Code Mode Benchmark

October 9, 2025 · View on GitHub

"LLMs are better at writing code to call tools than at calling tools directly." — Cloudflare Code Mode Research

A comprehensive benchmark comparing Code Mode (code generation) vs Traditional Function Calling for LLM tool interactions. Demonstrates that Code Mode achieves 60% faster execution, 68% fewer tokens, and 88% fewer API round trips while maintaining equal accuracy.

🎯 Key Results

Metric	Regular Agent	Code Mode	Improvement
Average Latency	11.88s	4.71s	60.4% faster ⚡
API Round Trips	8.0 iterations	1.0 iteration	87.5% reduction 🔄
Token Usage	144,250 tokens	45,741 tokens	68.3% savings 💰
Success Rate	6/8 (75%)	7/8 (88%)	+13% higher ✅
Validation Accuracy	100%	100%	Equal accuracy

Annual Cost Savings: $9,536/year at 1,000 scenarios/day (Claude Haiku pricing)

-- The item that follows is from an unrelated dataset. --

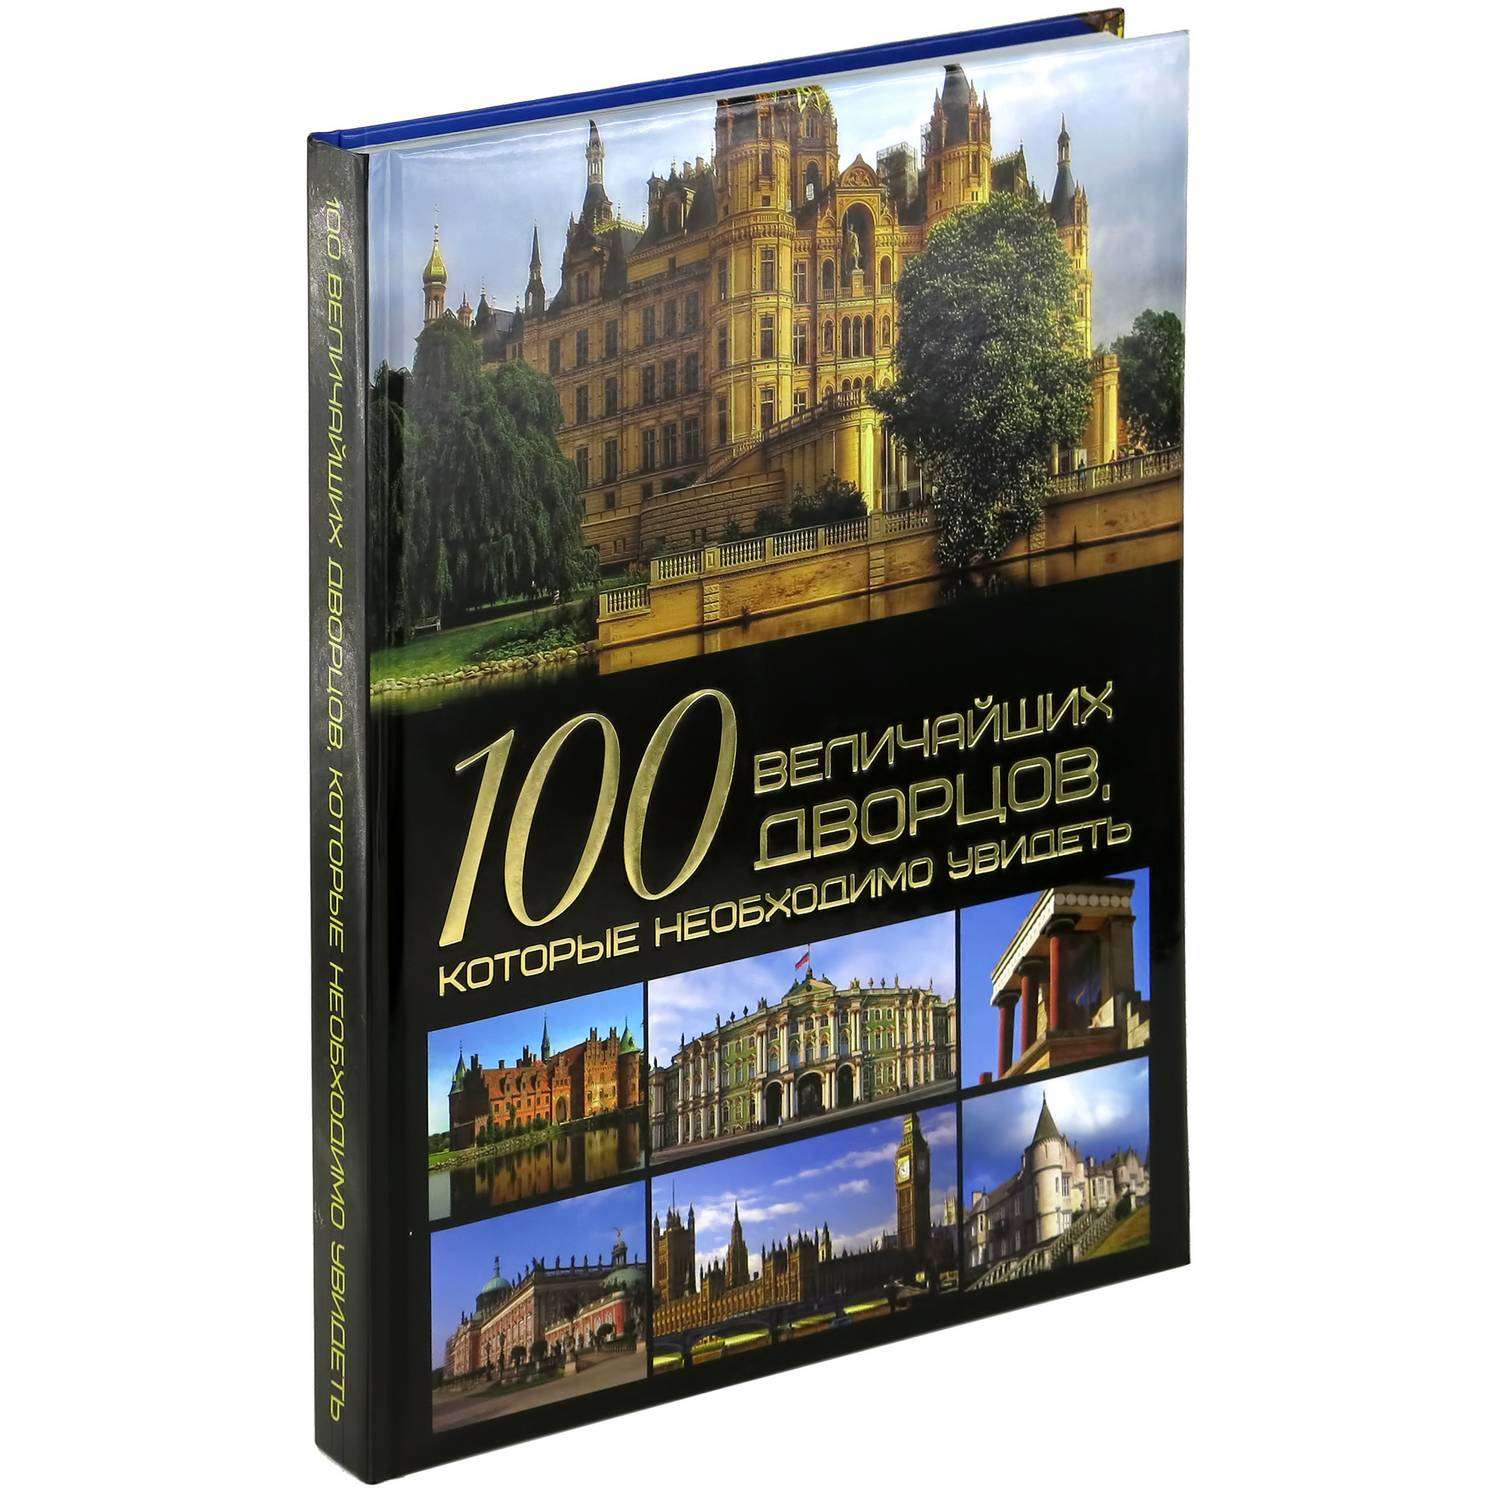 Книга Харвест 100 величайших дворцов которые необходимо увидеть - фото 1
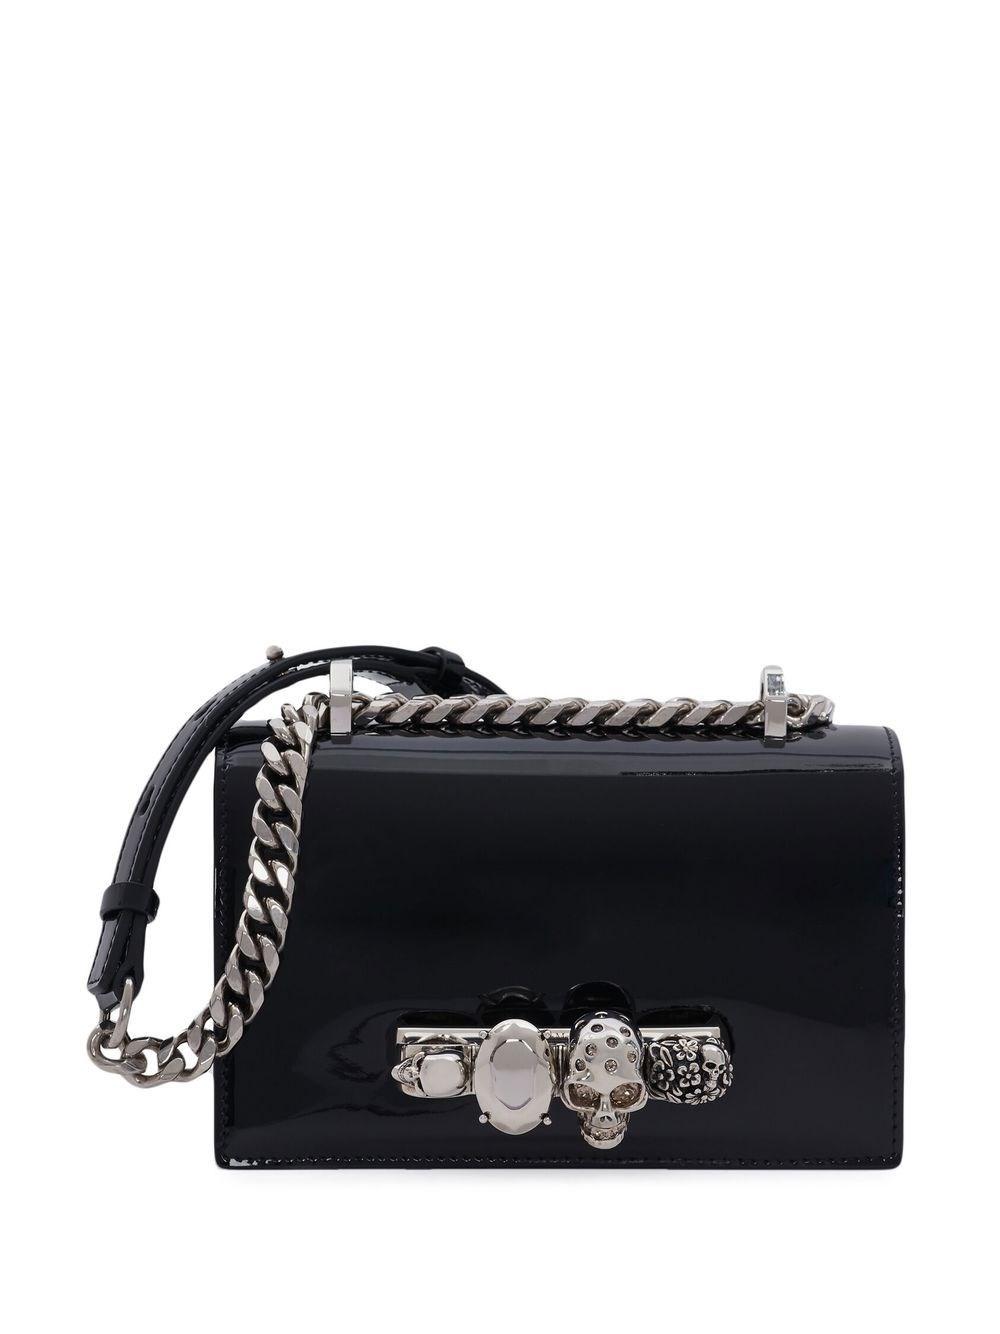 Borsa jewelled satchelAlexander McQueen in Pelle di colore Nero Donna Borse da Borsette e borse satchel da 10% di sconto

📊 View Full Results | 📈 Raw Data Tables

🚀 Quick Start

Prerequisites

Python 3.11+
Anthropic API key (for Claude)
Google API key (for Gemini, optional)

Installation

# Clone the repository
git clone <repository-url>
cd codemode_benchmark

# Install dependencies
pip install -r requirements.txt

# Set up environment variables
cp .env.example .env
# Edit .env and add your API keys

Run the Benchmark

# Run full benchmark with Claude
make run

# Run with Gemini
python benchmark.py --model gemini

# Run specific scenario
python benchmark.py --scenario 1

# Run limited scenarios
python benchmark.py --limit 3

📁 Repository Structure

codemode_benchmark/
├── README.md                 # This file
├── benchmark.py             # Main benchmark runner
├── requirements.txt         # Python dependencies
├── Makefile                 # Convenient commands
│
├── agents/                  # Agent implementations
│   ├── __init__.py
│   ├── codemode_agent.py           # Code Mode (code generation)
│   ├── regular_agent.py            # Traditional function calling
│   ├── gemini_codemode_agent.py    # Gemini Code Mode
│   └── gemini_regular_agent.py     # Gemini function calling
│
├── tools/                   # Tool definitions
│   ├── __init__.py
│   ├── business_tools.py           # Accounting/invoicing tools
│   ├── accounting_tools.py         # Core accounting logic
│   └── example_tools.py            # Simple example tools
│
├── sandbox/                 # Secure code execution
│   ├── __init__.py
│   └── executor.py                 # RestrictedPython sandbox
│
├── tests/                   # Test files
│   ├── test_api.py
│   ├── test_scenarios.py           # Scenario definitions
│   └── ...
│
├── debug/                   # Debug scripts (development)
│   └── debug_*.py
│
├── docs/                    # Documentation
│   ├── BENCHMARK_SUMMARY.md        # Comprehensive analysis
│   ├── RESULTS_DATA.md             # Raw data tables
│   ├── QUICKSTART.md               # Quick start guide
│   ├── TOOLS.md                    # Tool API documentation
│   ├── CHANGELOG.md                # Version history
│   └── GEMINI.md                   # Gemini-specific notes
│
└── results/                 # Benchmark results
    ├── benchmark_results_claude.json
    ├── benchmark_results_gemini.json
    ├── results.log
    └── results-gemini.log

🔬 What is Code Mode?

Traditional Function Calling (Regular Agent)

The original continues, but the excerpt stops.